Temos sangue, Salomão,
para a justiça decantada, sonhada e mal exercida; sangue que tinge nossos solos
e põe sal no nosso suor de andarilhos das letras. Deixamos que os dias
polvilhem de lembranças nossas almas doces e ingênuas, mas bravas o bastante
para não se curvar. Temos as cores das areias da Serra Dourada, o vigor das
pastagens na vertente do Piracanjuba e o calor termal da Serra de Caldas,
acalentado em serenatas de Pirenópolis e dourado de pôr-do-sol de qualquer
paragem Goiás. Comemos pequi e genipapo, ingá e guapeva; bebemos cachaça
quilombola; dançamos pagode de roça, dançamos catira e, se deixarem...
Bem, se deixarem,
contamos histórias de medo ao fogo do borralho, em noites de chuva. Mas não
deixamos, não mesmo, de cantar poesia. Como não se fazer poeta sob o céu deste
Planalto do cerrado, siô?
* * *
(*)Notas do autor: (1)
“De grito”: expressão do sul de Goiás para dizer “é logo ali”. (2) Esta crônica
foi publicada em junho de 2006. Republico-a em nome da nostalgia e da minha
admiração ao poeta Salomão.
2 comentários:
Goiânia de Montes Claros estão no cerrado e carregam algumas semelhanças além da culinária. Isso nos faz mais próximos em relação a vivências, e ao gosto poético.Gosto de conhecer coisas do seu estado.

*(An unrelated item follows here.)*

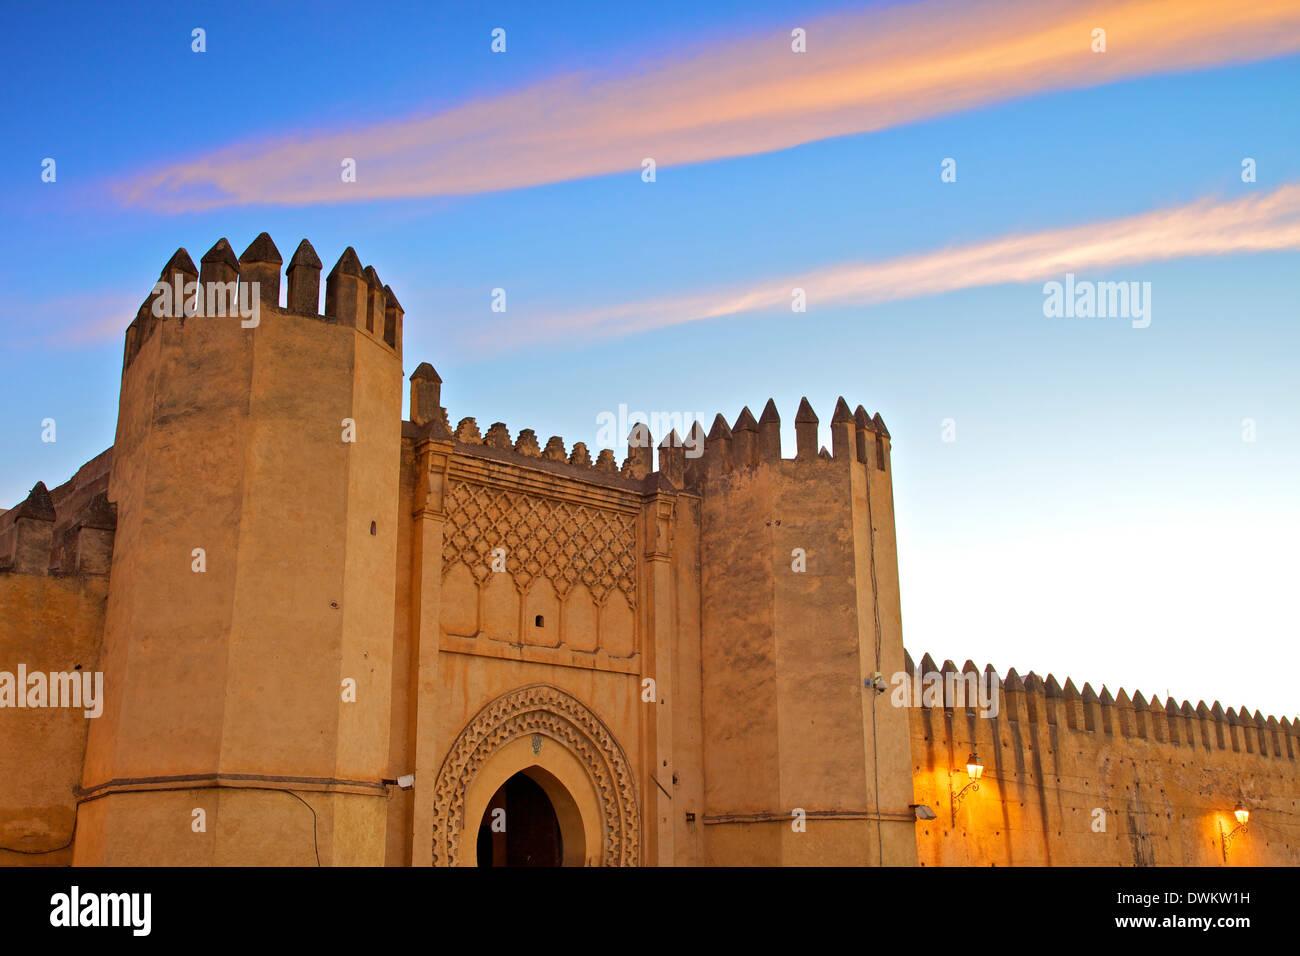 Platzieren Sie Bou Jeloud, Fez, Marokko, Nordafrika, Afrika Stockbild
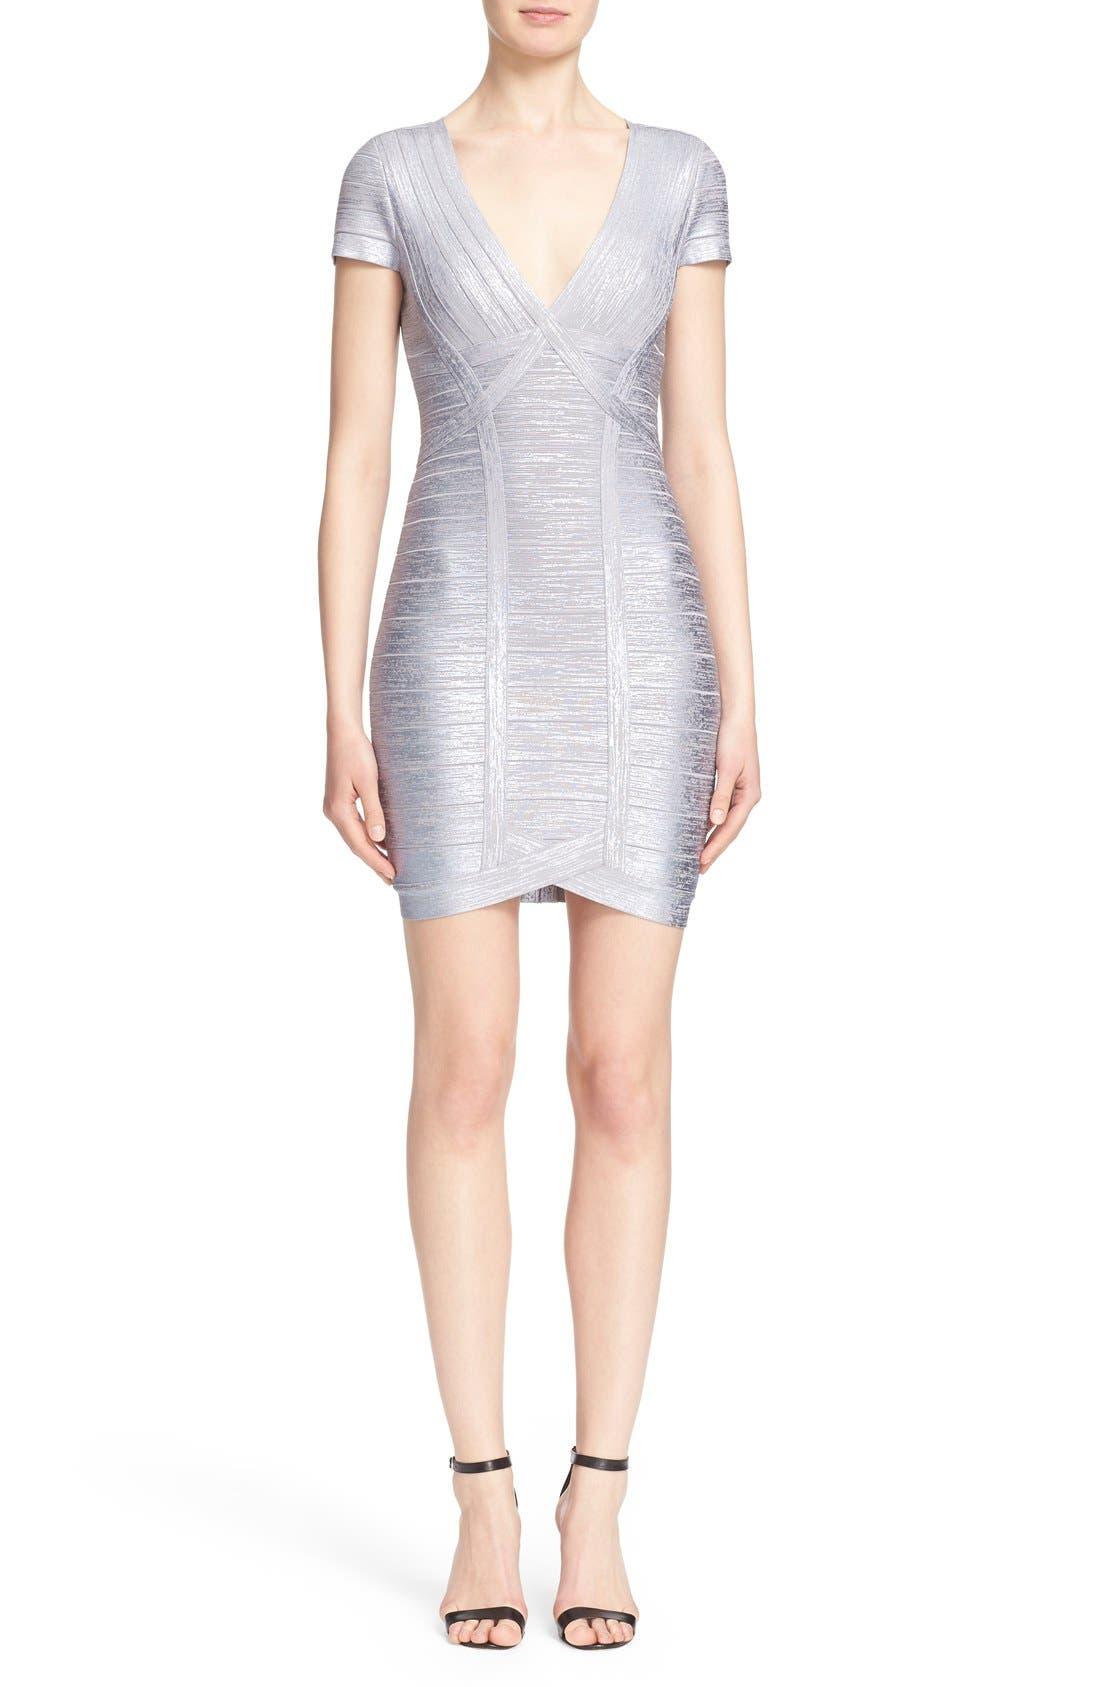 Main Image - Herve Leger 'Klaudia' Woodgrain Metallic Foil Dress

Caramba como alguém pode nao o considerar poeta depois de uma crônica destas? Só mesmo o antagonismo do nosso atraso poético. Adorei a apologia à troca do Bonfim por Silvânia o que sempre foi minha luta pelo resgate da história e das alegrias das boas almas bonfinenses. Adorei a citação das nossas frutas, cerrados, pescados. Nos tornamos irmãos fãs de um mesmo Salomão e de seus versos. Me emociono e muito com suas sábias palavras enviadas do sangue poético. Parabéns. Grato.